Morris was nice to me, gentle and soft spoken.  He was an accountant and the only one who worked in the family, which at that time was quite normal. 

Mara's grandmother, across the street, also spent days at her daughter's house.  She cooked all the time and was much nicer than the Lieberman grandmother.  She made gefilte fish, which I loved, and yummy chopped liver.  There was always something ethnic and delicious there to eat.  She looked entirely different from Miriam and Rebecca's grandmother.  She was round and short and her legs from the ankle up were the same thickness.  Later, her ankles swelled quite a bit and would bulge over the edges of her shoes, making those tight old lady shoes look very uncomfortable. 

One year when I was in 4th grade, there was a fire at the Lieberman house that started in the kitchen.  They all moved into the grandparent's apartment for the time it took to renovate the house.  It was late fall and when Hanukah came, they placed a Menorah in the window and lit the proper candles each night.  It looked so ghostly in the blackened picture window of the house.  I remember how it gave me the creeps to see the house empty and injured.  Once I visited Miriam and Rebecca at their grandmother's apartment.  It was comfortable and cozy and I do remember old photographs of ancestors in big, embellished frames on the walls there. 
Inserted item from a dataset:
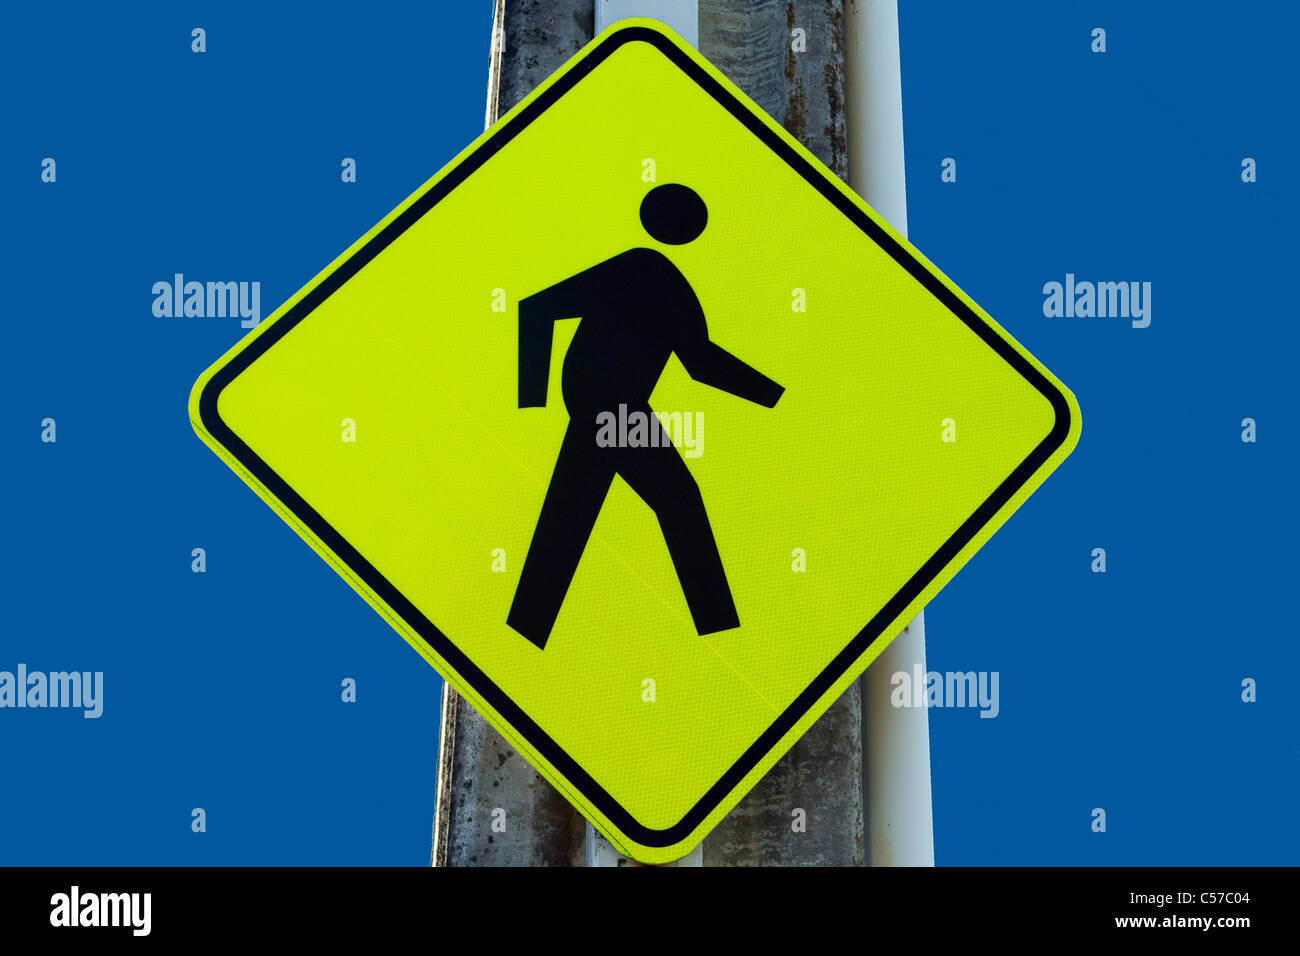 Traffic Sign, Pedestrian Crossing, Auckland, New Zealand, Monday, July 11, 2011. Stock Photo

I wish I could go back in time and be kinder and more understanding of these women - all of them, but especially the grandmothers and grandfathers.  I wish I could have learned their histories.  Even without the Holocaust, life was very dangerous in Europe for Jews, so no doubt they had stories to tell.  I was far too young to be able to do any of these things.  I didn't find out about the Holocaust until I was about 12 years old and my parents were watching "World At War".  There were the live scenes from the liberation of the concentration camps, bulldozers pushing stick thin, bald bodies;  arms, legs, staring eyes, heads in mountainous piles, rolling over and over, the parts sticking up at crazy angles.  I was absolutely stunned, frightened and shocked.  I remember asking my parents about what we were watching and they explained a bit, but no one could ever explain how this could happen in a supposedly civilized world, committed by a very civilized country.   I knew from that point on that the world in which I lived was not what I had grown up to believe and I've never been the same.  I have no illusions about human beings and what they are capable of. 

2 comments:

cand051997 said...

Nice job of changing the names and then you go to the real names at the end. . . .Investigative reporter you are not - your sources would have never kept their anonymity and probably would have had their own reality show.. . .Nice story though. . . .I remember them the same way. . . . .

Susan Humeston said...

Look at it now. I was in the middle of changing it and I had a computer problem for about 10 minutes so I couldn't finish it. It should be good now. By the way - the book was fabulous.